Given reflection of graph, write the equation

hope4ever

New member
Joined
Sep 12, 2006
Messages
2
I am a little bit confused about one math question. Can you please help me out? There are two parts; I already finished part (a), but I am stuck on part (b).

Part a: Draw the reflection of f(x) = (square root X-2) in the line y = x.

I understand the above, but when it comes to part (b), I am totally clueless.

Part b: Write the equation of the reflection in the form y = g(x)

I believe the equation is (square root x+2) + 2, but x => 2 and y => 0. But what do I do with this information?

Thanks for your help!
 

steve_b

Junior Member
Joined
May 2, 2004
Messages
78
Part a: Draw the reflection of f(x) = (square root X-2) in the line y = x.

I understand the above, but when it comes to part (b), I am totally clueless.

Part b: Write the equation of the reflection in the form y = g(x)
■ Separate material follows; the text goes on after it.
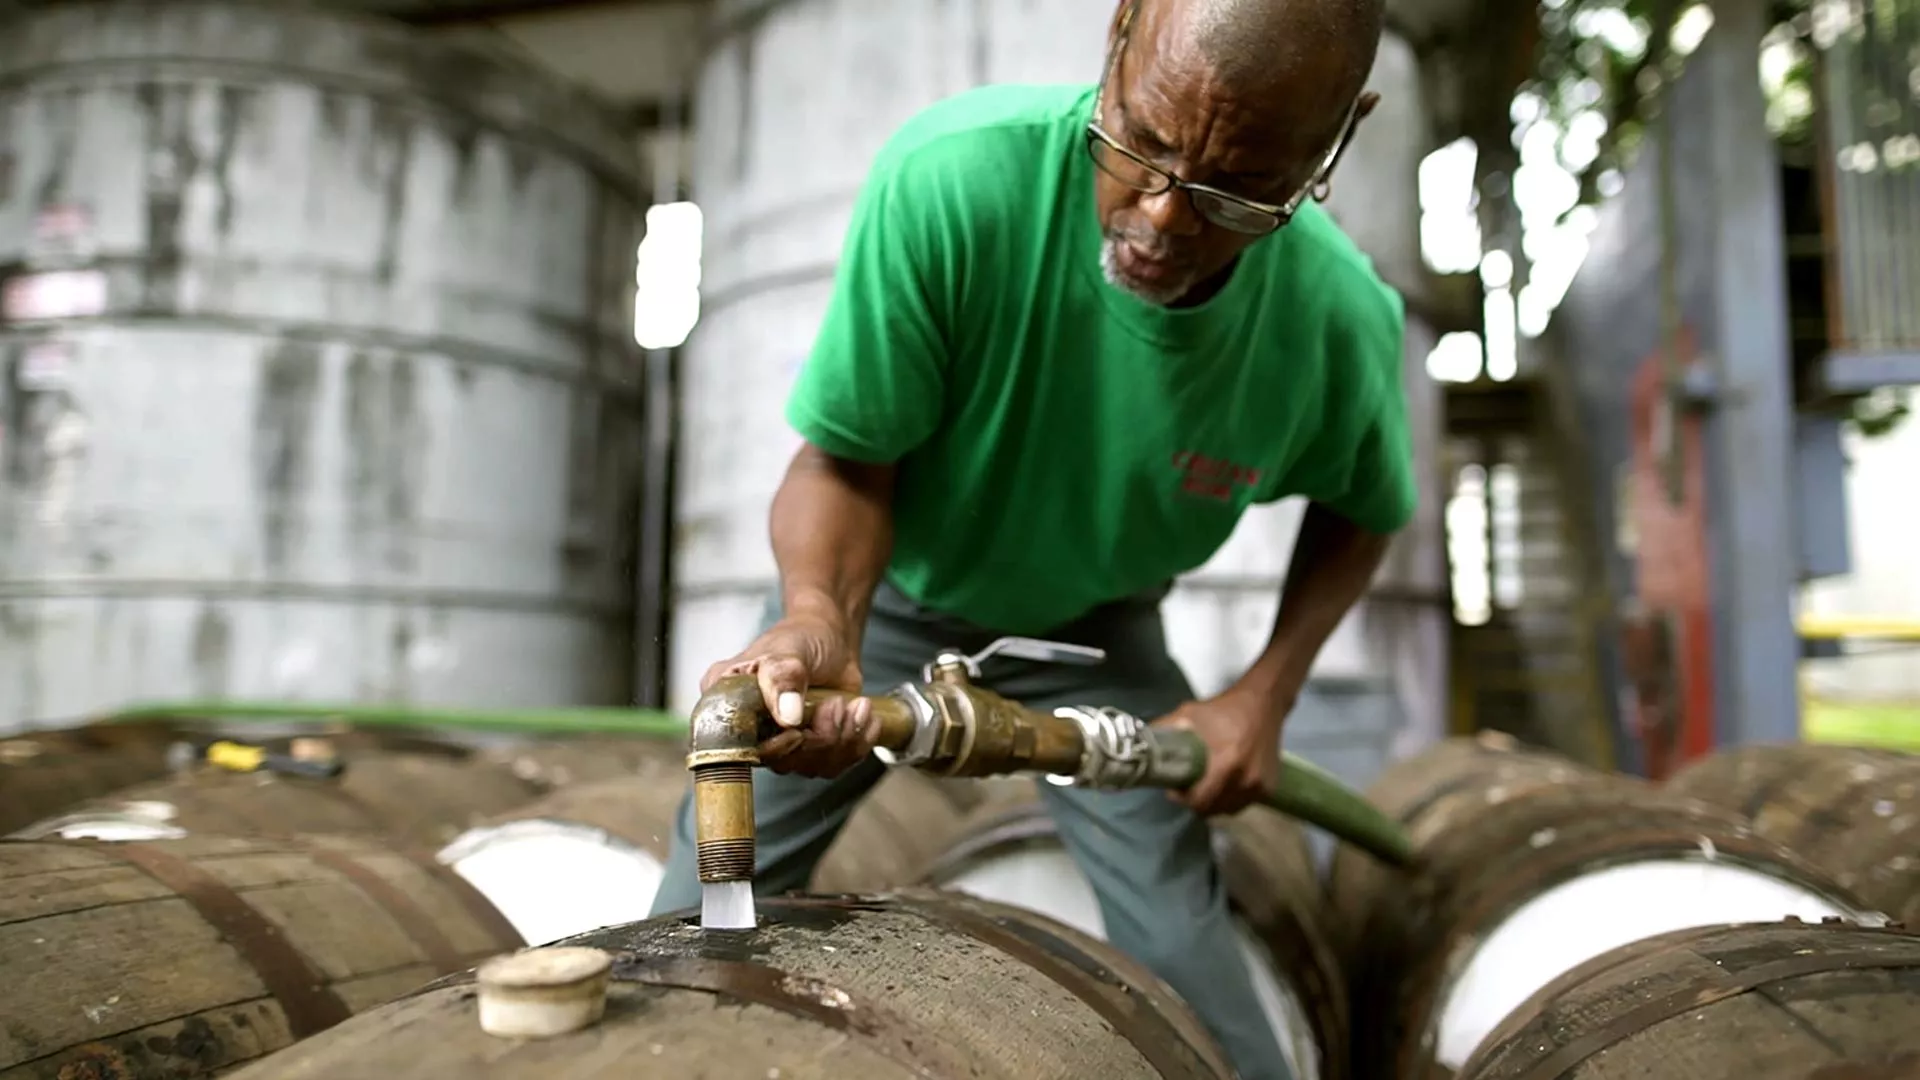 Cruzan® employee preparing oak barrels and casks to make Cruzan® Rum.

I believe the equation is (square root x+2) + 2, but x => 2 and y => 0. But what do I do with this information?

=============

The reflection of a graph around the y=x line will be the inverse function. So you are given:

y = sqrt(x-2)

We get two pieces of information from this function. First, x must be greater than or equal to 2, or the radicand will be negative (can't have that with real numbers). Second, y must be greater than or equal to 0 since it is a square root, and principal square roots are defined as positive (or 0).

So we have to find the inverse function of y = sqrt(x-2)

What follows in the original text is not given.